- Source data:

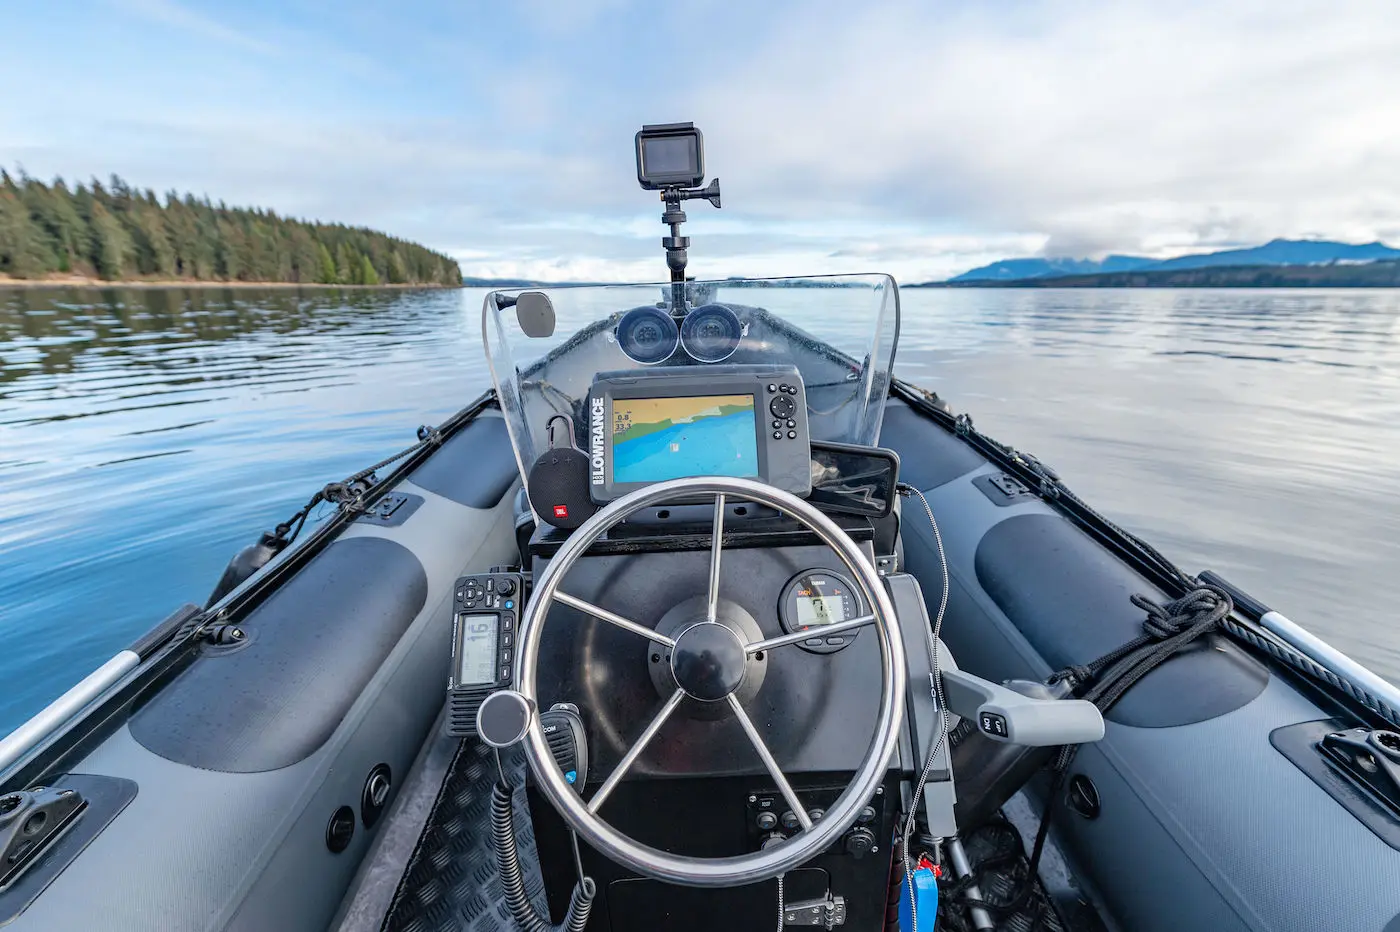 Boating Licenses Required to Operate an Inflatable Boat in Canada
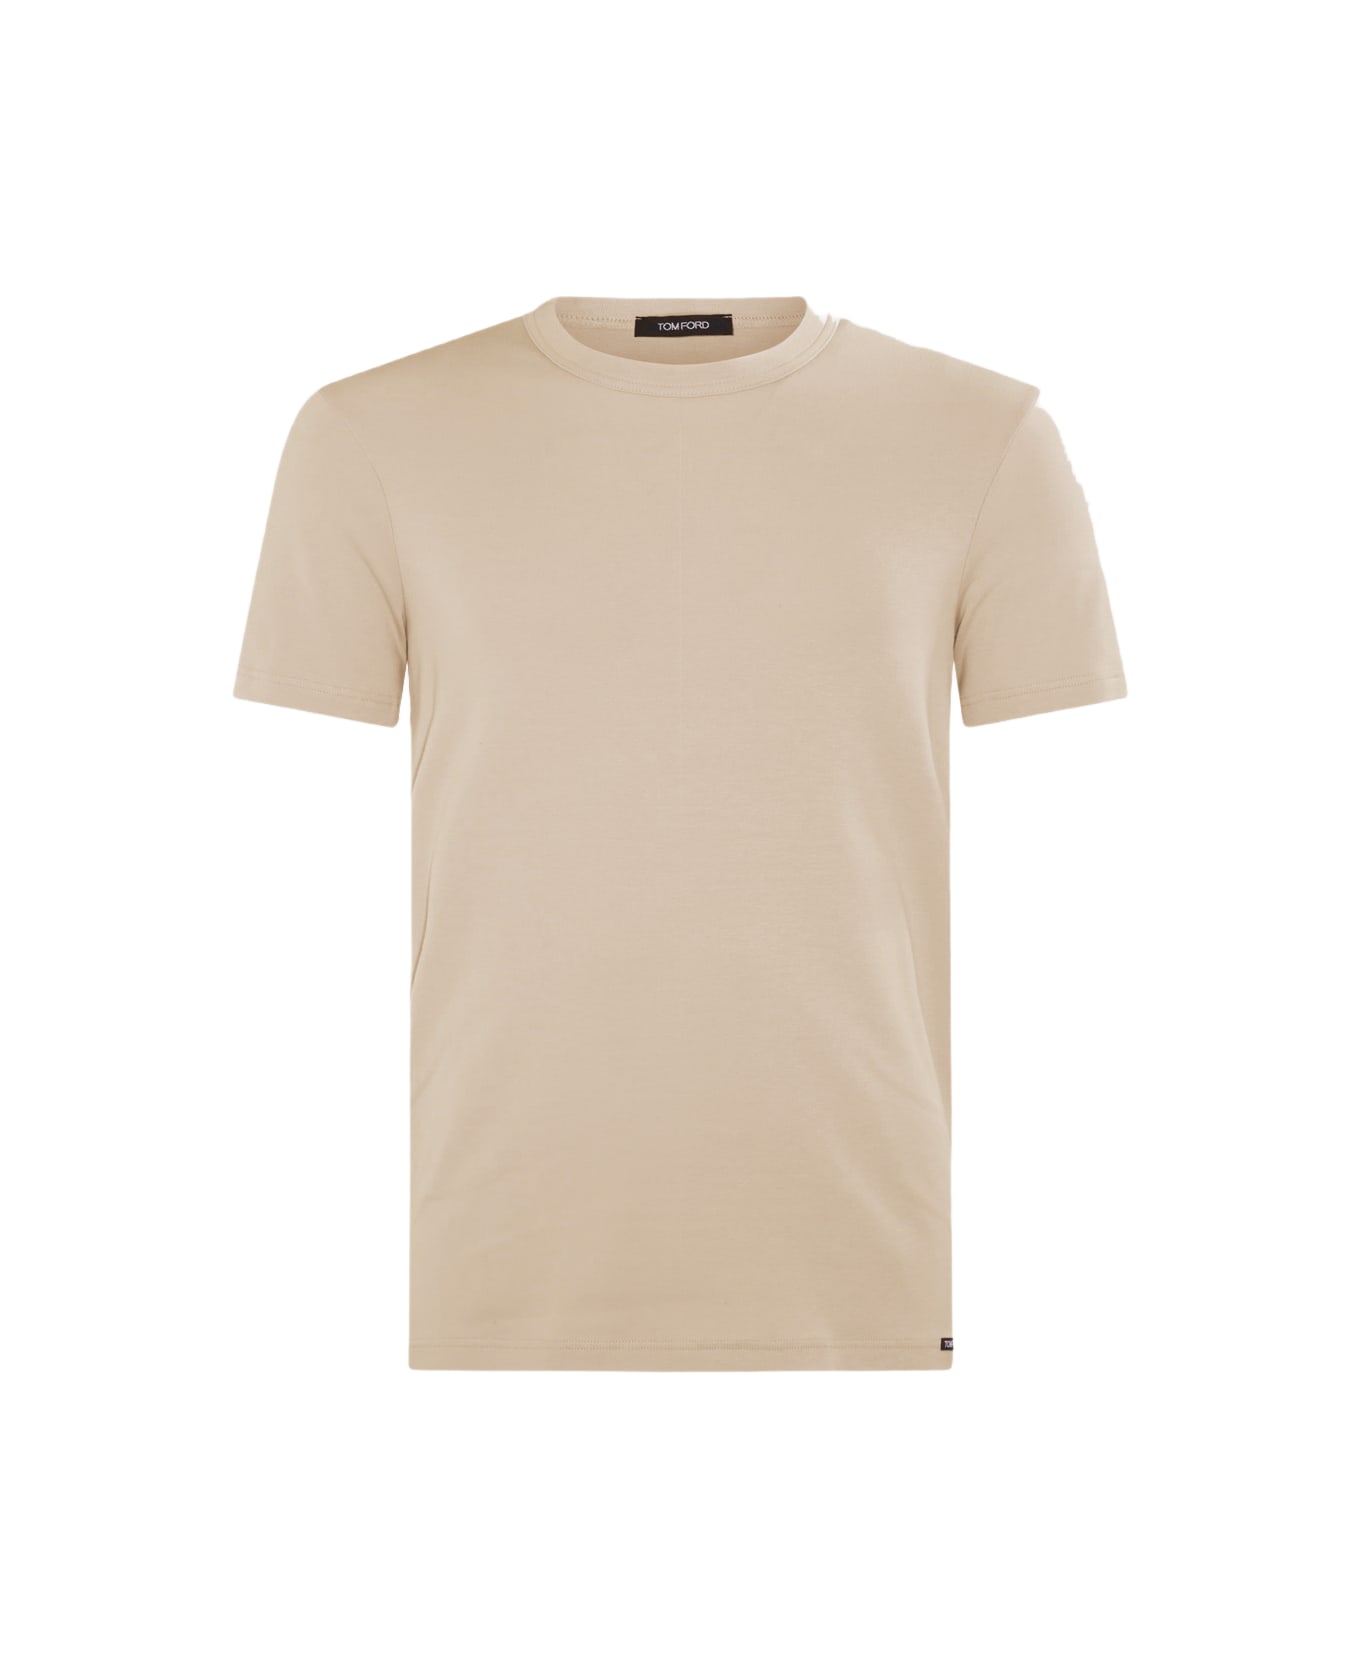 Tom Ford Beige Cotton Blend T-shirt - NUDE 1
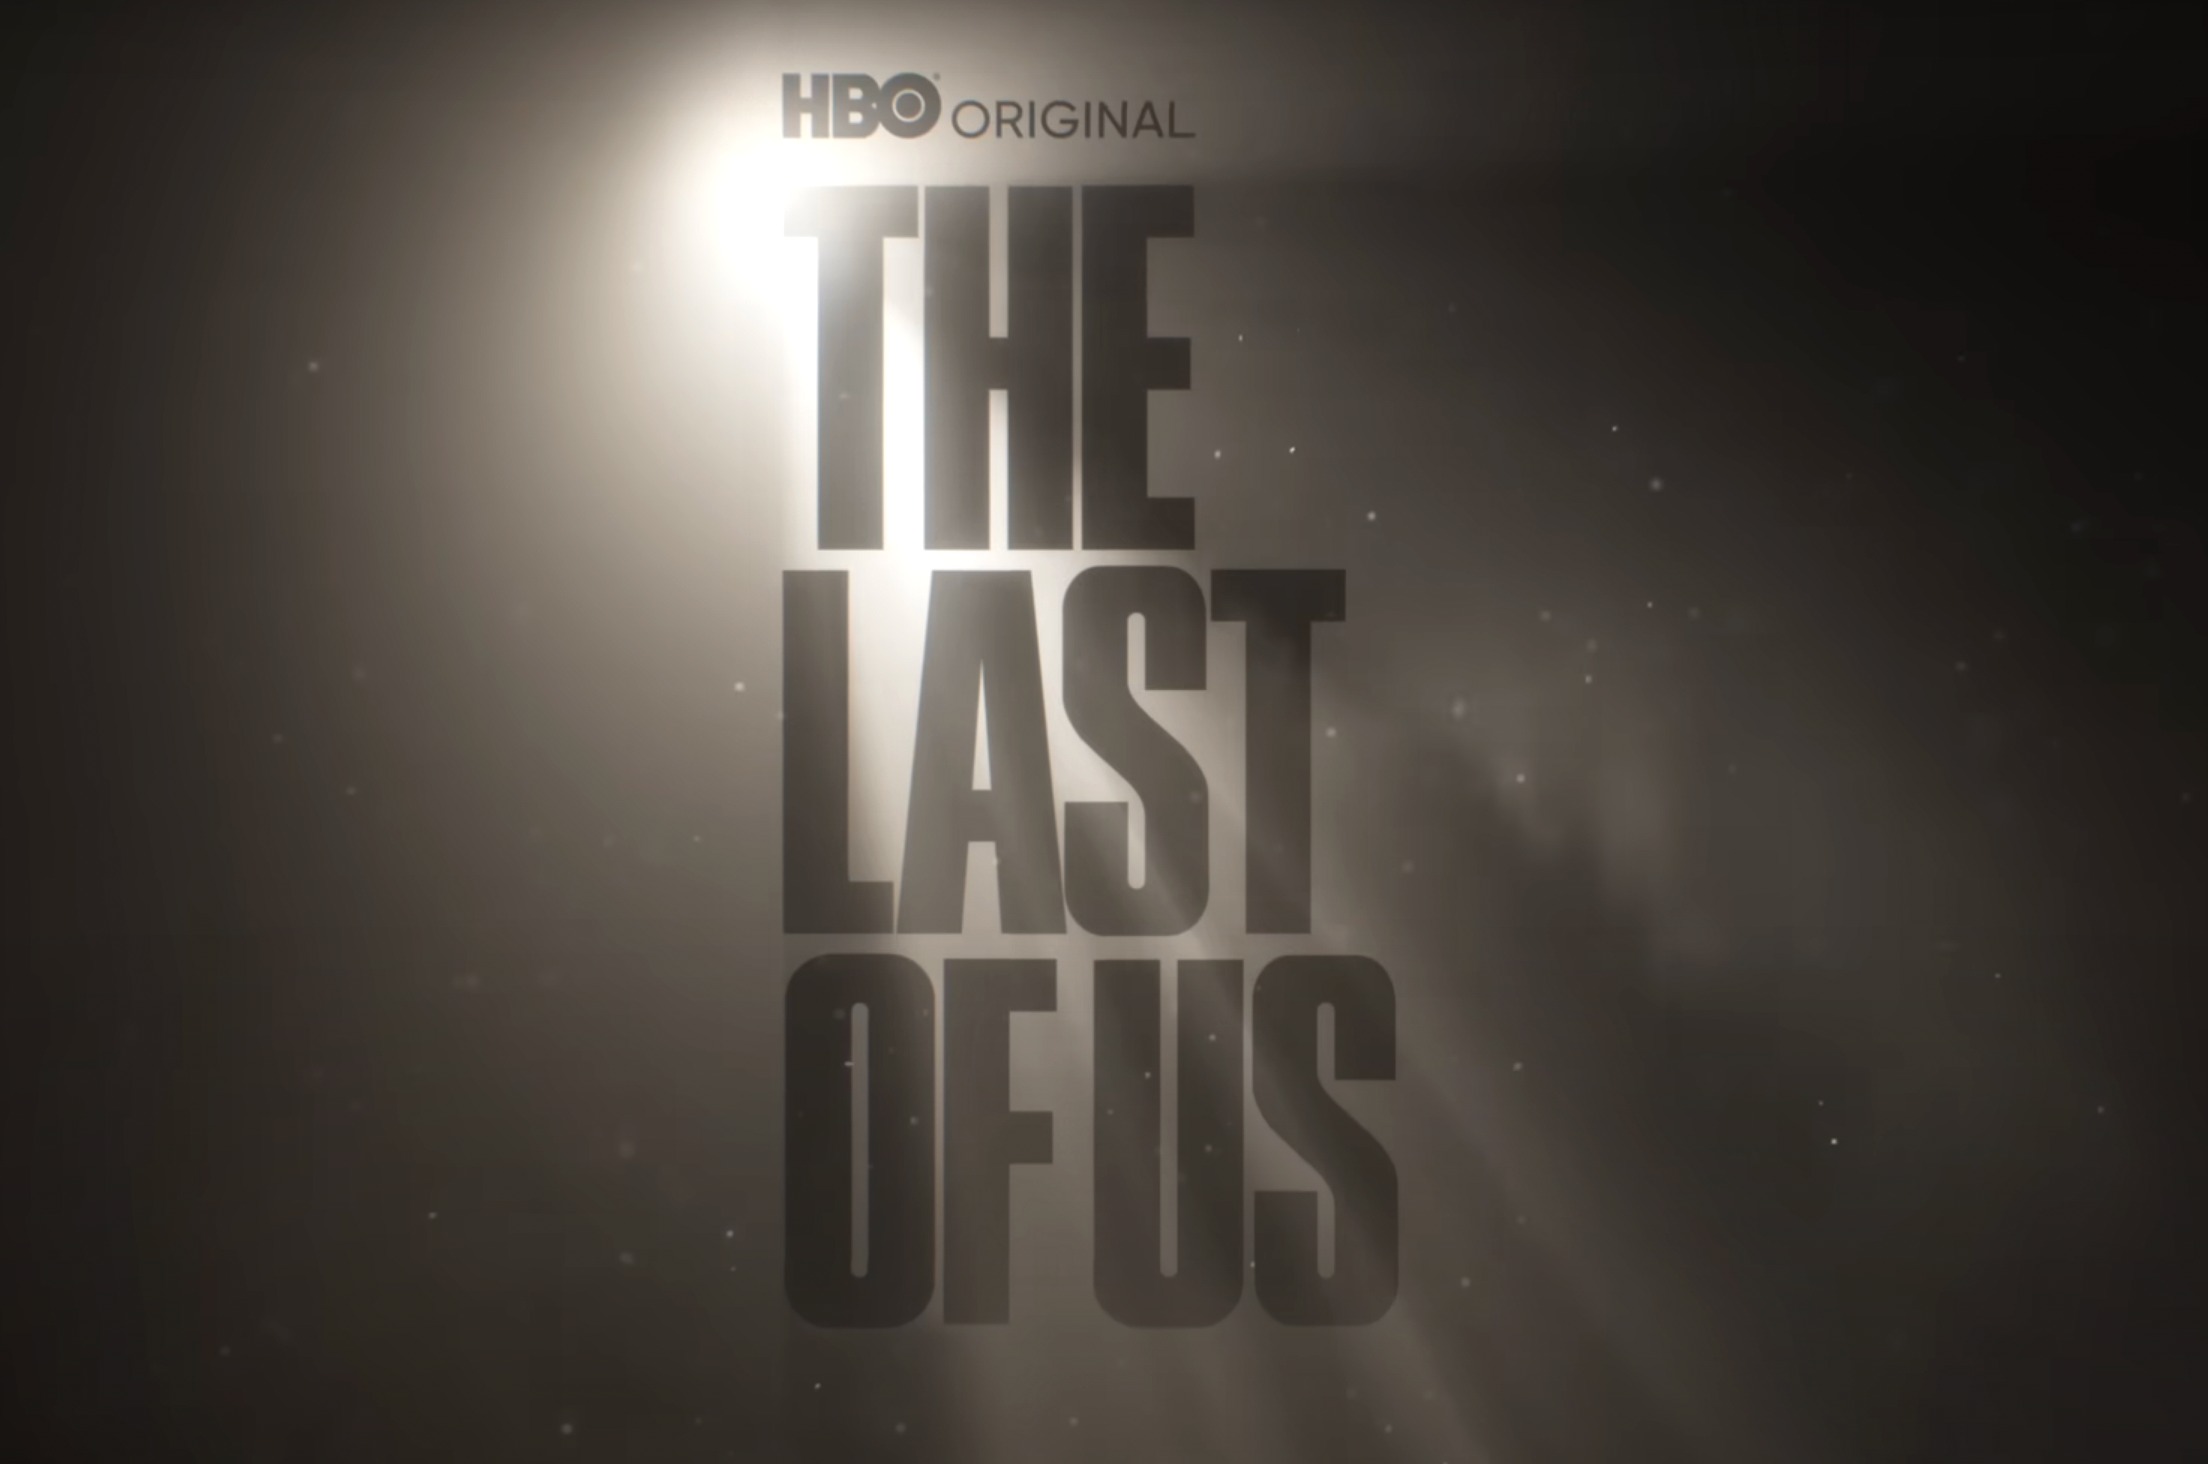 HBO releases first trailer for 'The Last of Us' series
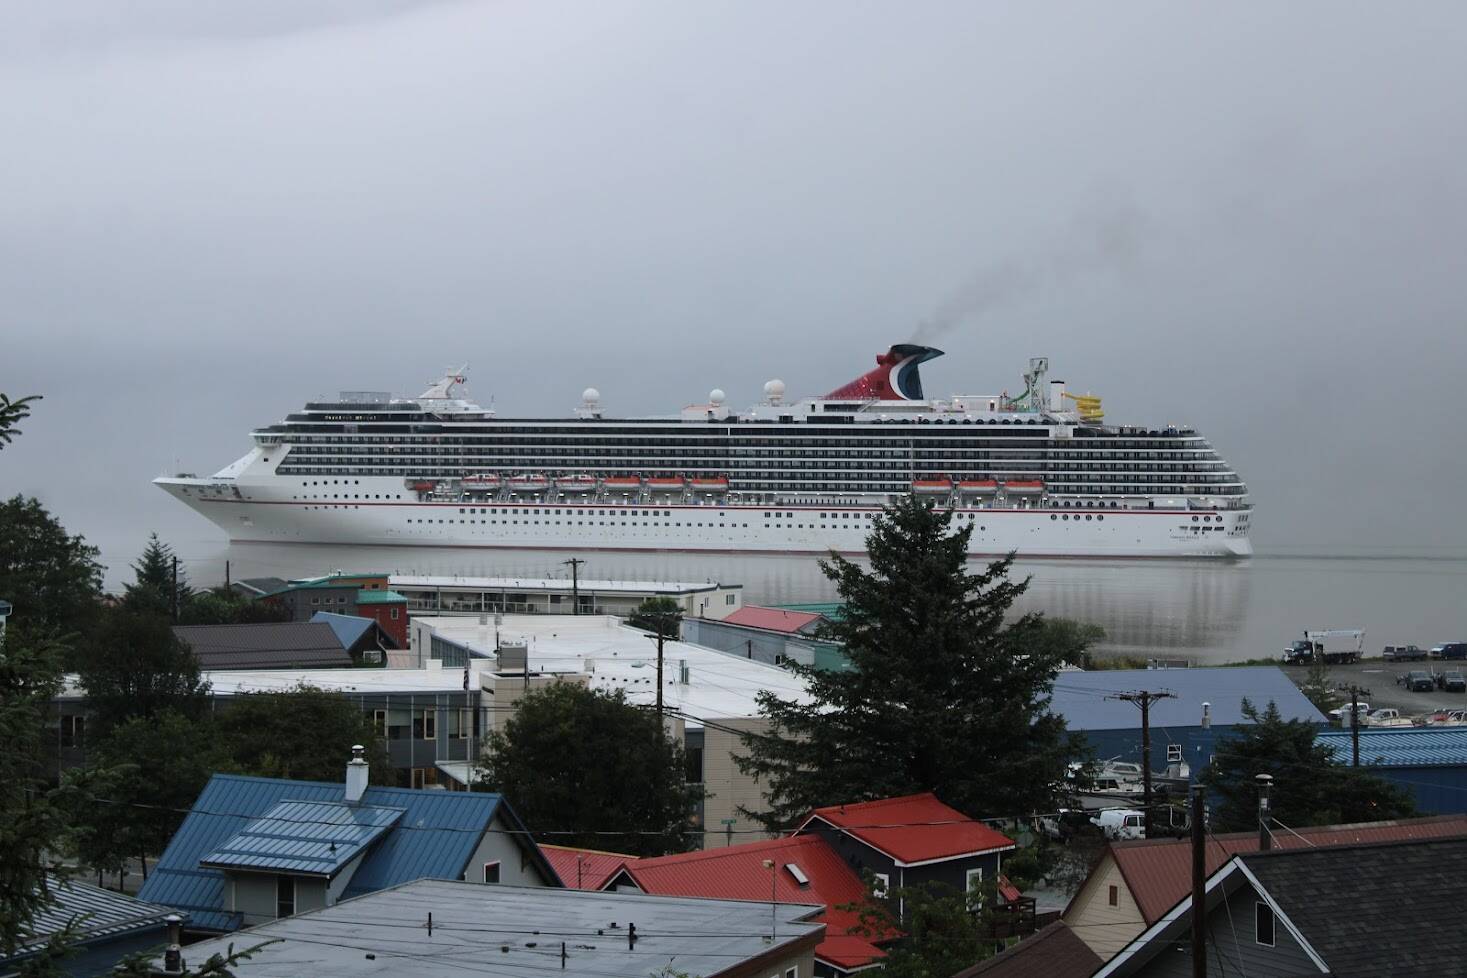 A Carnival cruise ship arrives in Juneau early in the morning on Aug. 14. Local business owners say that the short and significantly scaled back 2021 cruise season was welcome after the cancelation of the 2020 season. However, they say it was not enough and they are struggling to survive. (Dana Zigmund/Juneau Empire)

- Directions for this task: The data above must be reproduced exactly, without any of its pictures.

- Written response:
 Boating Licenses Required to Operate an Inflatable Boat in Canada
 Tom Ford Beige Cotton Blend T-shirt - NUDE 1
 HBO releases first trailer for 'The Last of Us' series
 A Carnival cruise ship arrives in Juneau early in the morning on Aug. 14. Local business owners say that the short and significantly scaled back 2021 cruise season was welcome after the cancelation of the 2020 season. However, they say it was not enough and they are struggling to survive. (Dana Zigmund/Juneau Empire)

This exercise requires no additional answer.